Tele Columbus AG
- Company type: Public
- ISIN: DE000TCAG172
- Industry: Telecommunications
- Founded: 1985
- Headquarters: Berlin, Germany
- Area served: Germany
- Key people: Markus Oswald (Chair); Jochen Busch (Board member); Christian Biechteler (Board member); Nicolai Oswald;
- Products: Cable-TV, Internet and Telephone Services via broadband
- Brands: PŸUR
- Operating income: 426.258 million Euro (2024)
- Number of employees: 1,393 (2024)
- Website: www.telecolumbus.com

= Tele Columbus =

German telecommunications company

Tele Columbus is a large internet service provider in Germany with 3.6 million connected households via its Tier 3 network.
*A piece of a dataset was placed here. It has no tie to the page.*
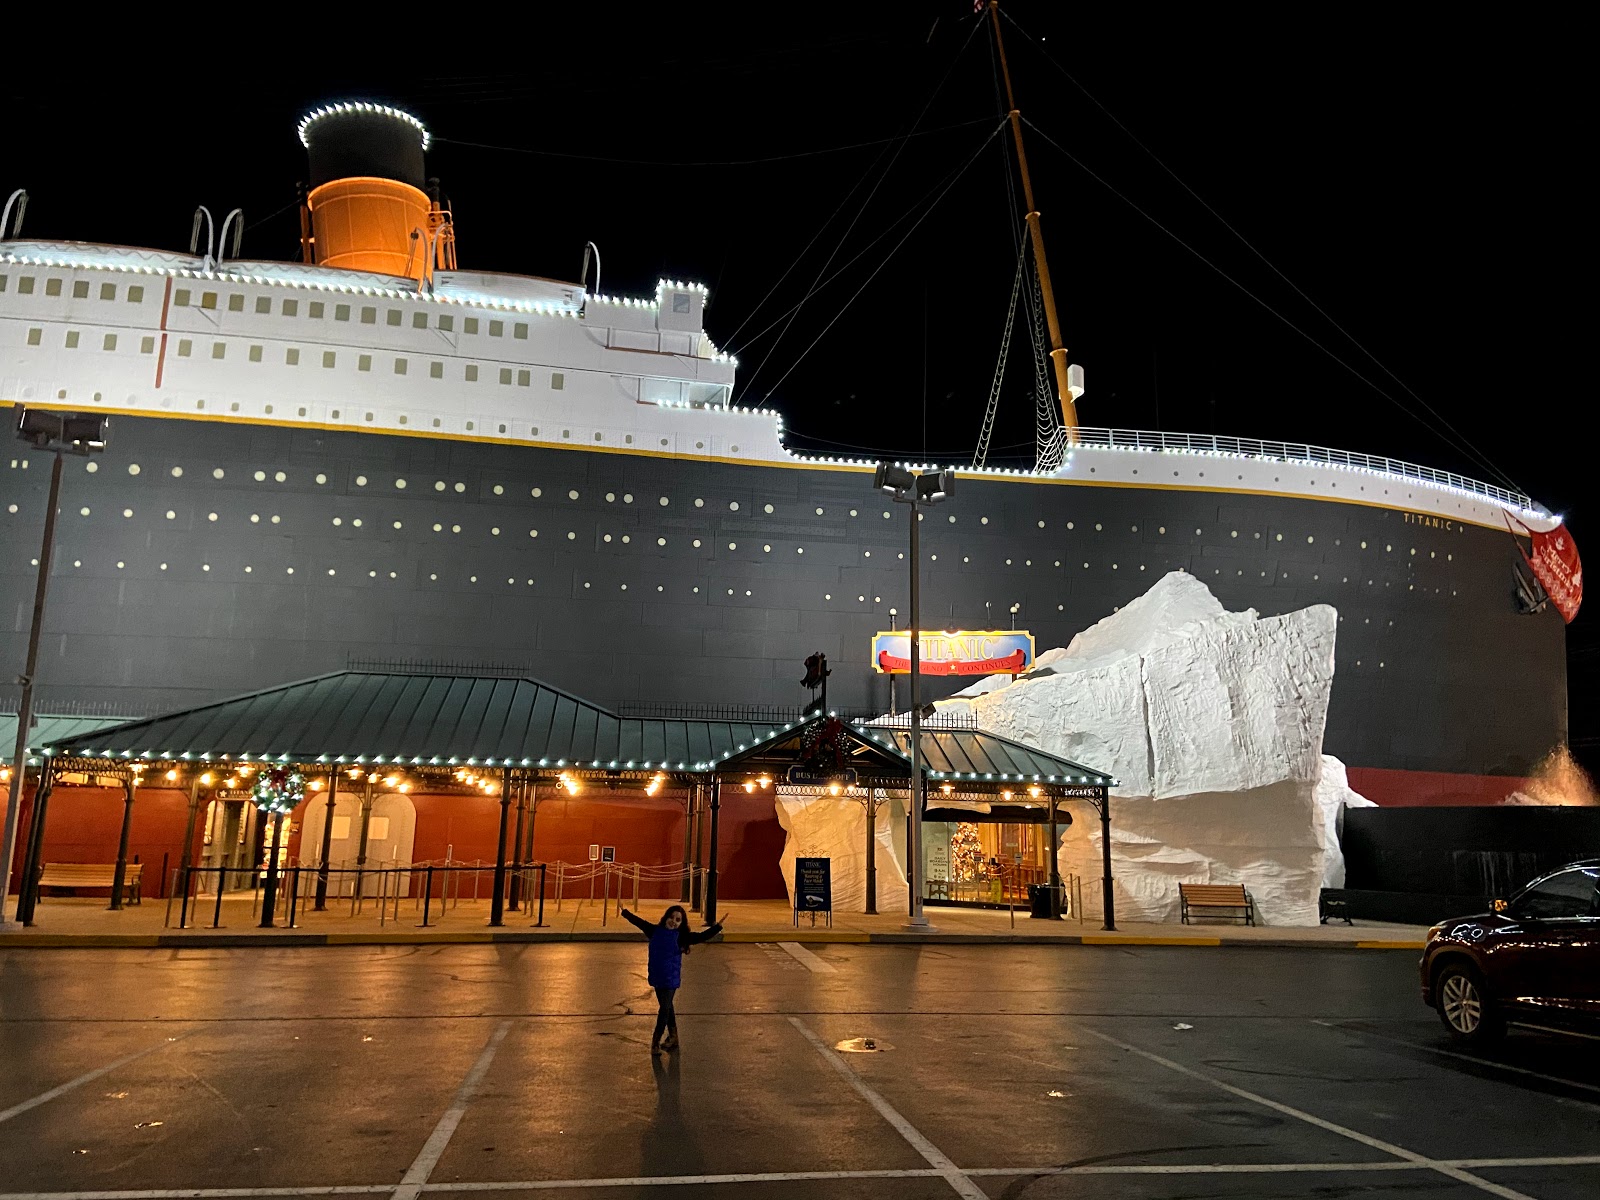 tour of titanic museum

Tele Columbus' services have been offered under the newly created umbrella brand PŸUR since September 2017.

== History ==
The company was formed in November 2006 following the merger of Tele Columbus GmbH and ewt multimedia GmbH.

In 2015, Tele Columbus acquired Primacom and Pepcom. In addition to analogue television, their range of products includes digital television, internet, and telephone via broadband. Besides its headquarter in Berlin the company has locations in Hamburg, Leipzig, Ratingen, and Unterföhring (Munich).

Tele Columbus AG has been traded on the regulated market (Prime Standard) of the Frankfurt Stock Exchange since January 2015 and has been listed on the SDAX from June 2015 to December 2020.